Good news for mirrorless lovers.

Pushing mirrorless is a no-brainer -- the market is headed that way, it plays to the future seamless stills/video world, mirrorless cameras should be cheaper/easier to build so for a given market price they will have higher profit margins, etc.

But how and when to push mirrorless, however, is a quandary for the bigger companies. At some point, Rebels will pitch their mirrors (not now, but someday), then the XXD line, and so on until mirrors are only in the most demanding market segments (e.g. 1-series). How Canon chooses to do that, when Canon chooses to do that will have to be very carefully thought out.

- A

Frankly, I am surprised that the Rebels have not ditched their mirrors years ago. You would think that it is limiting to that line, a MILC would be a more sensible option.
 

Tugela

EOS R
Feb 12, 2014
873
23
neuroanatomist said:
Tugela said:
Because Canon markets products to all subsectors while their competitors focus on specific subsectors, Canon can lead the overall market share even while being beaten in the subsectors. They are just being beaten by different companies in different places. Which is why it is necessary to be cautious in reading too much into the overall percentages.

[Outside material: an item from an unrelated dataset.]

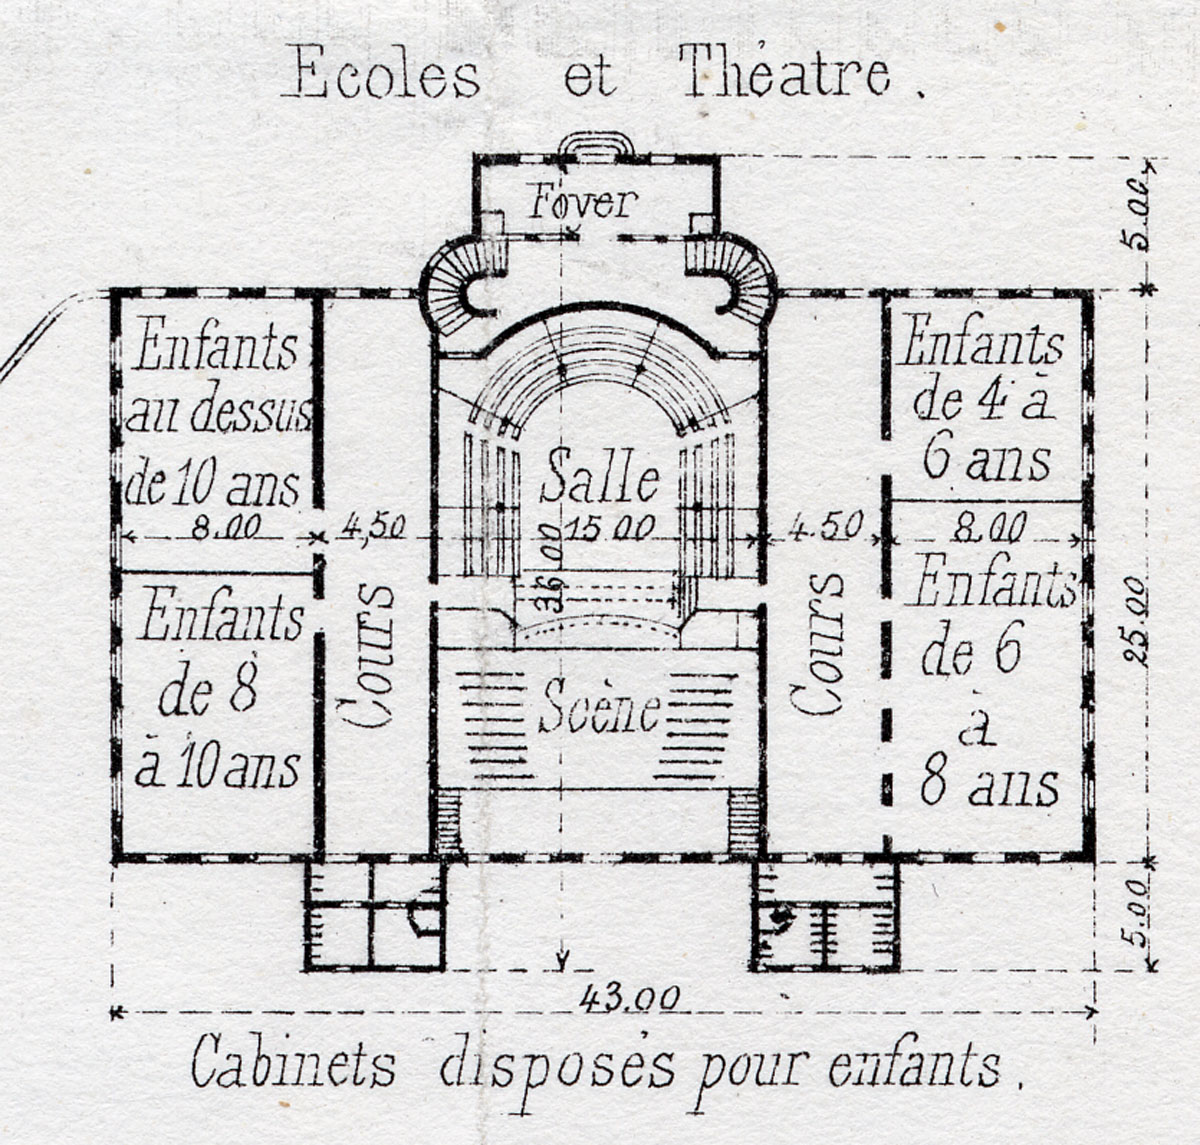 Plan du théâtre et des écoles en 1880, extrait d’une planche imprimée par Thierr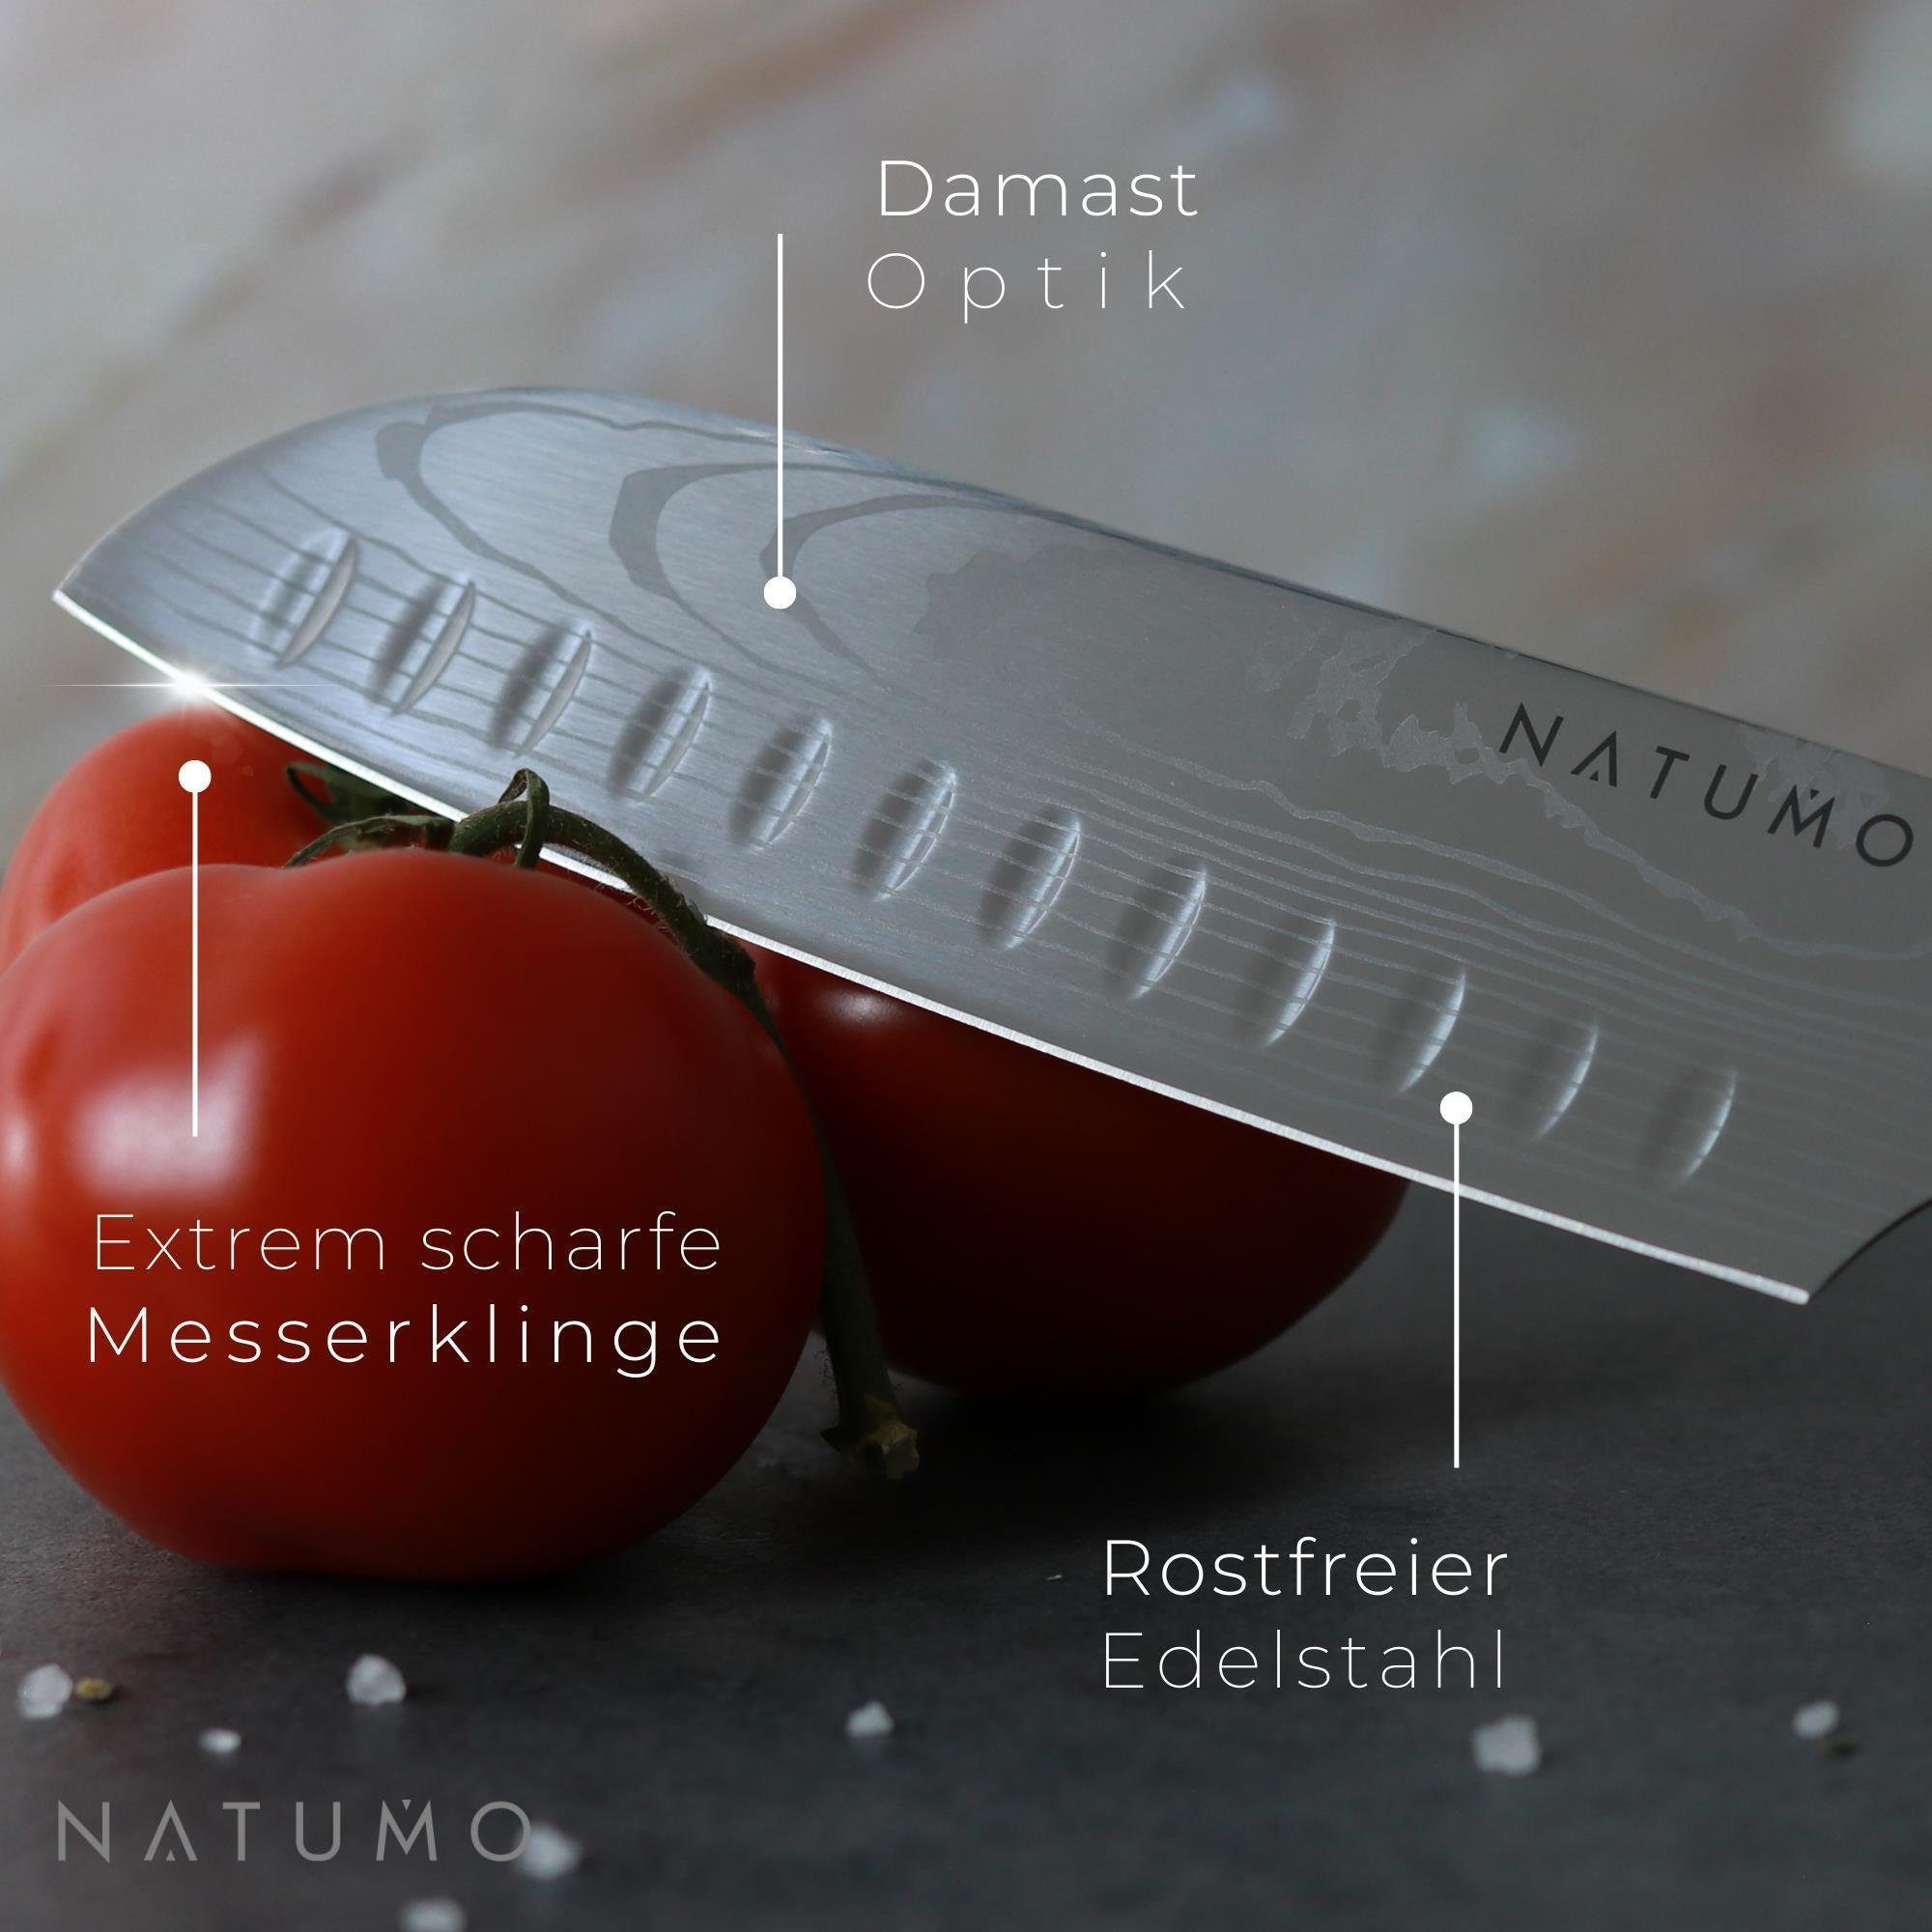 natumo Allzweckmesser NATUMO Küchenmesser Set in Messerset Grün HRC 9-teilig. Profi scharfes 56

If you look at only FF cameras I suspect that you will see market trends that are very different.

Is your suspicion based on any actual evidence?

For 2017, Sony announced via press release (i.e., made a big deal of it) that they were #2 in US FF ILC sales for two months of the year (passing Nikon). Nikon then announced via press release that they were #1 in FF ILC sales for one month of the year. Who do you suppose was #1 in FF ILC sales for the other 11 months of 2017? Pentax? ::) Leica? ::) ::)

So, as usual, your 'suspicion' is merely more of your typical rampant speculation based on 'facts' that are completely at odds with reality.

Does not change the fact that the OP was comparing apples to oranges and you know it. Canon's data is a conflation of many market spaces, whereas competitors have more targeted market spaces. Where Canon is positioned in the overall market therefore does not reflect how they are positioned in specific markets. Or is this concept too complex to understand?

If Sony were #2 in FF in the US, where MILCs are less popular, where do you think they ranked in other markets where MILCs are more popular? DSLR sales are dropping at a steady pace (around 9-10% per year), MILC sales are rising, and if this is not being driven by the NA market, it is being driven by other markets. That differential has to come from somewhere, and if it is not in NA then the differential is much more dramatic in places like Asia. For a camera company that is looking for growth potential, which market do you think they are likely to find it?

There are forces at play here that you clearly do not get. While you do not understand, both Canon and Nikon do, which is why both of them are likely to produce some sort of FF/APS-C MILC in the near future even if it is not as good as what companies like Sony and the others are making. There is a reason for them doing that, namely that they understand the market direction even if you do not.